Social

La finalisation du régime unifié Agirc-Arrco consolide la retraite complémentaire des salariés du privé

homme-retraite
  • Source : Pexels
  • Crédits photos : CC0

Au terme de plus de deux ans de préparation, une majorité d’organisations patronales et syndicales a trouvé un accord pour instituer un régime unifié de retraite complémentaire pour les salariés du secteur privé, reprenant les droits et obligations des régimes actuels Agirc et Arrco.

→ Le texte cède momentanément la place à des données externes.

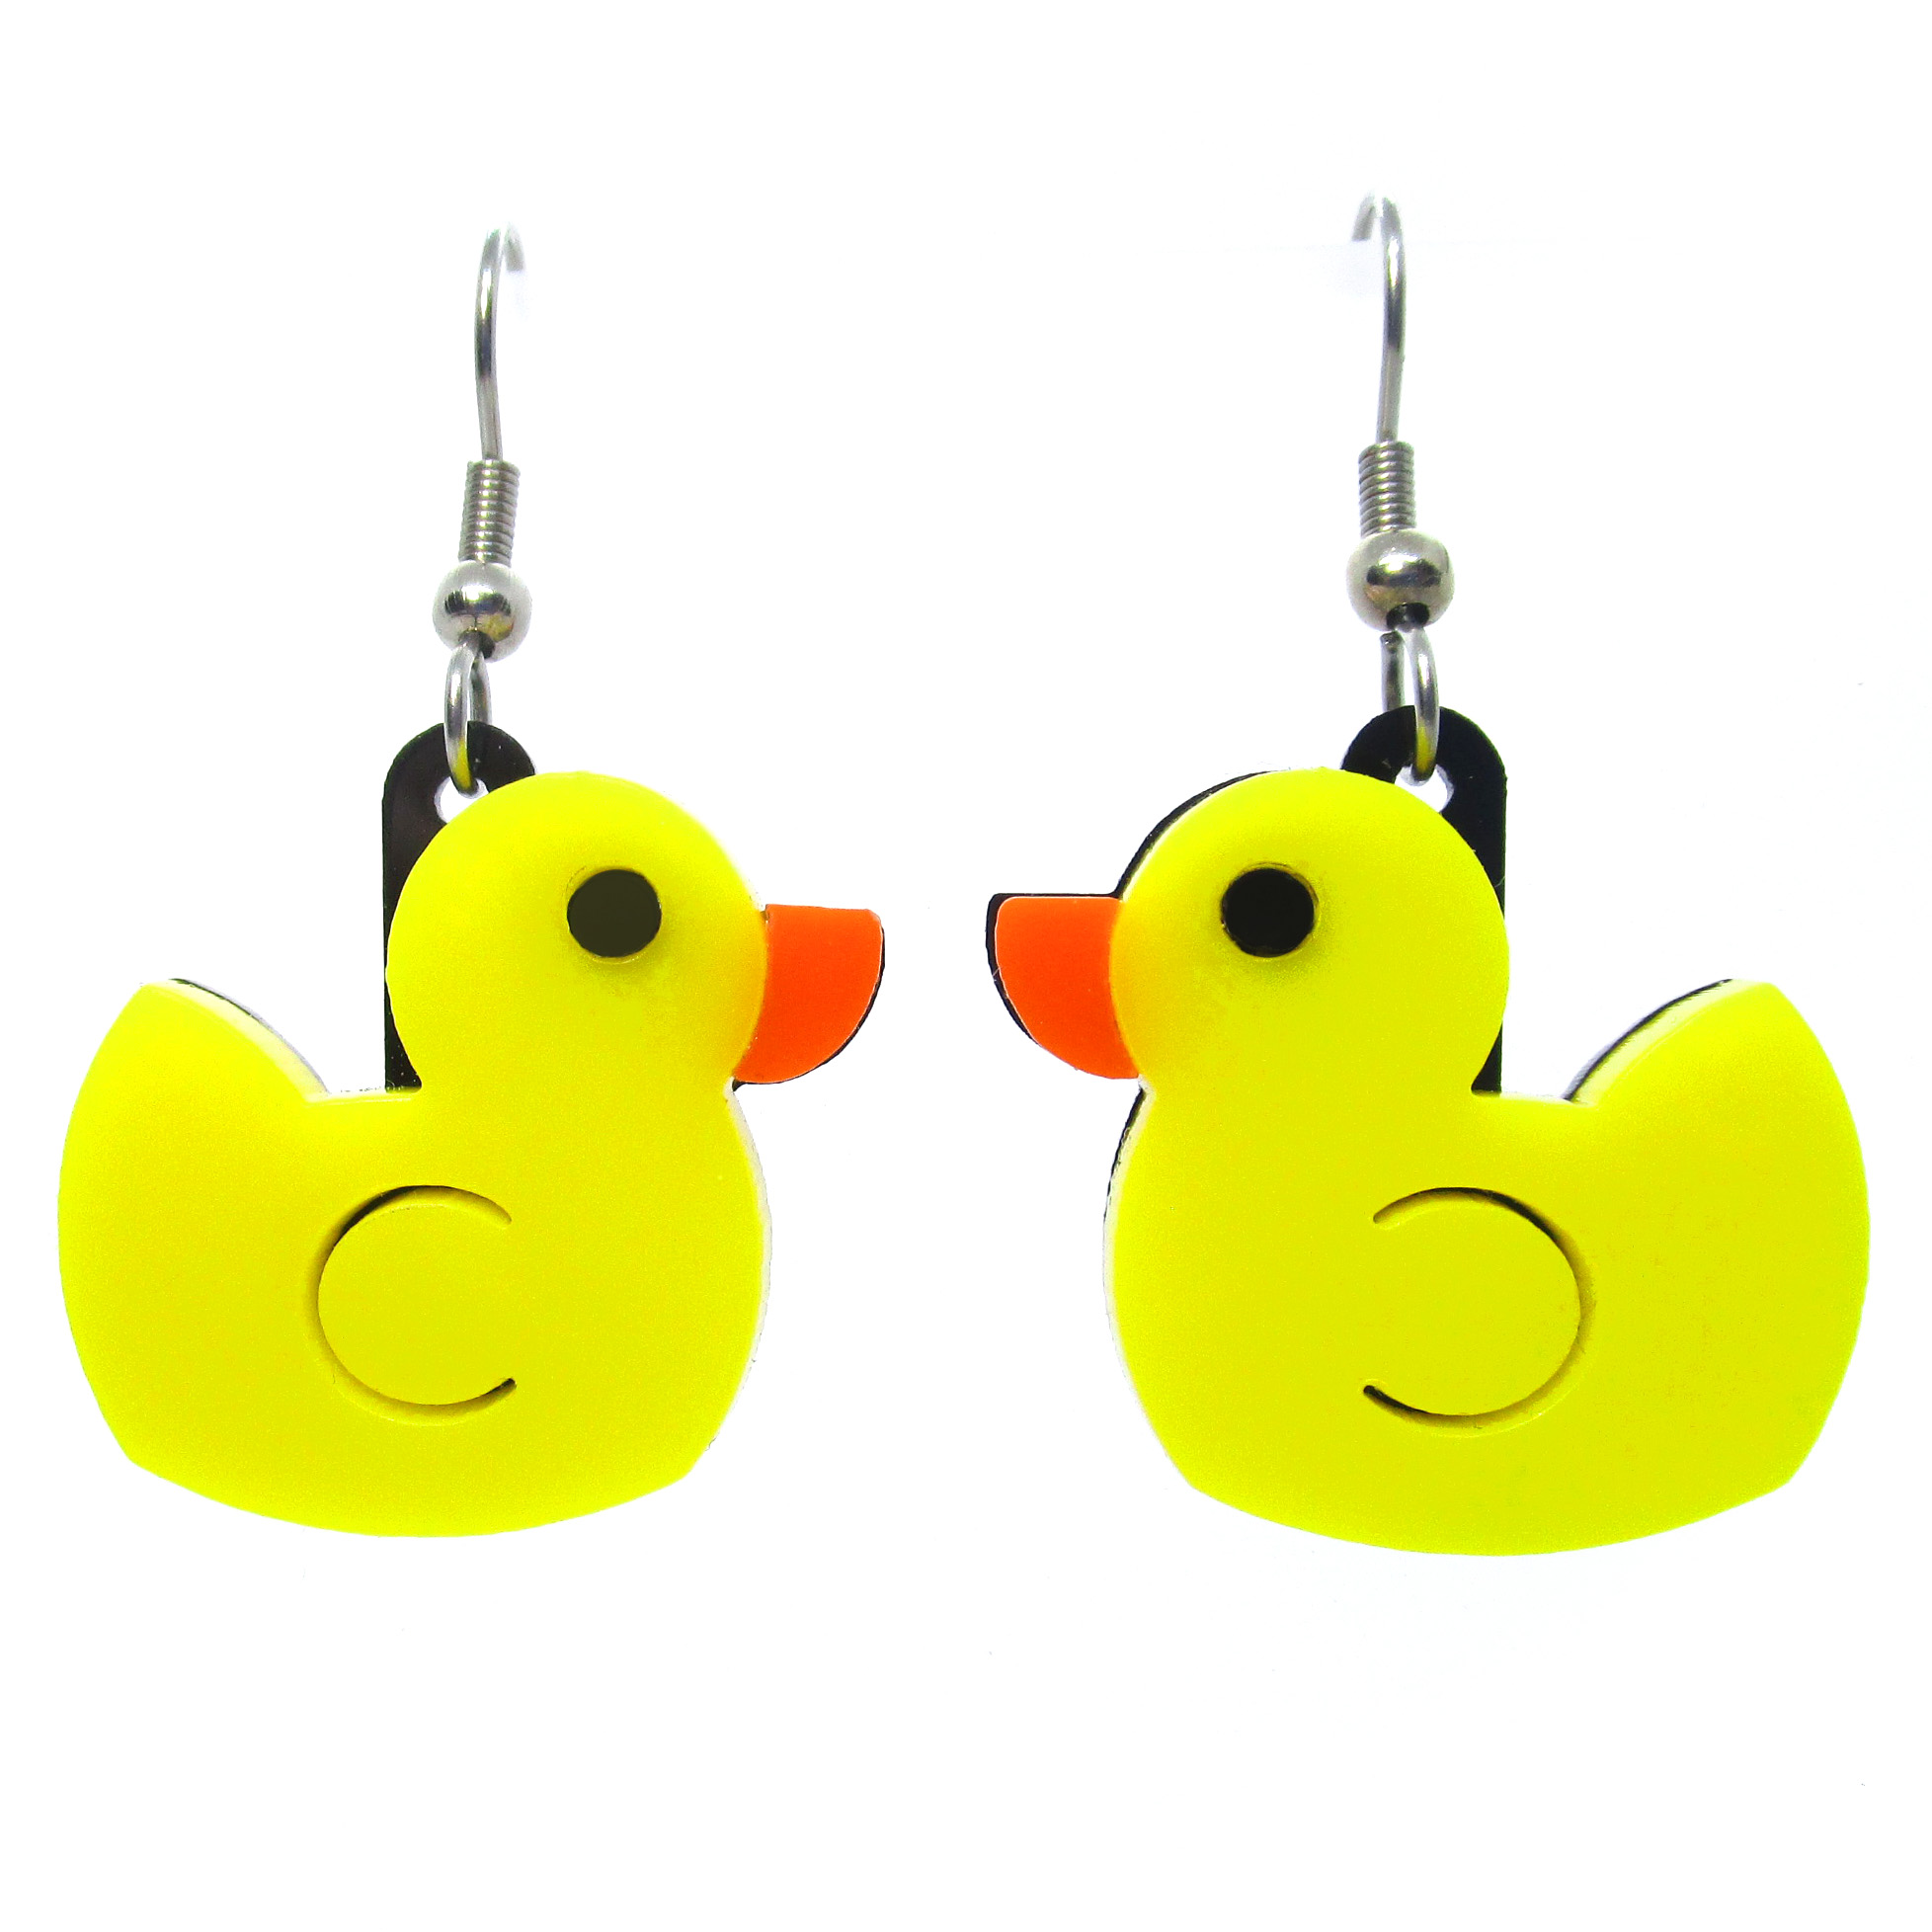 rubber duck dangle earrings on white background

Les partenaires sociaux avaient posé le principe du nouveau régime dans l’accord national interprofessionnel du 30 octobre 2015. Un groupe de travail technique paritaire réuni entre janvier 2016 et juin 2017 a préparé cette fusion, les deux séances de négociation des 8 novembre et 17 novembre en ont arrêté les derniers détails. Pour mémoire, la fusion des régimes Agirc et Arrco était également rendue nécessaire par l’épuisement annoncé des réserves financières du régime de retraite des cadres Agirc dès 2018.
 
D’ici la mise en œuvre effective du régime unifié au 1er janvier 2019, une année a été prévue par les signataires afin de réaliser toute une série d'opérations complémentaires : adoption des statuts de la fédération, adoption des statuts-types des institutions de retraite complémentaire, fusion des IRC, etc.
 
Le régime unifié simplifie un système de retraite trop complexe et trop éclaté. Le 1er janvier 2019, les salariés n'auront plus qu'une seule caisse de retraite complémentaire, les caisses Agirc et Arrco ayant fusionné à cette date. Le système ne sera pas changé : il continuera à être géré en répartition, en points, et restera essentiellement contributif. Les avantages familiaux des deux régimes sont alignés dans les conditions les plus favorables pour les assurés.
 
Pilotes et gestionnaires de ces régimes, les partenaires sociaux montrent ainsi qu’ils assument leurs responsabilités : assurer la pérennité financière de la retraite complémentaire des salariés du privé, mais aussi garantir une efficience de gestion et une lisibilité du système, pour les entreprises comme pour les salariés.
 
Pour Claude Tendil, vice-président du pôle social et président de la commission protection sociale du Medef : « Nous avons modernisé et rationalisé le système, organisé un pilotage responsable avec tous les leviers pertinents, y compris l’âge de départ à la retraite. Nous avons fait de l’Agirc-Arrco un acteur solide pour l'avenir. C'est important avant le débat sur les retraites voulu par le Président de la République ».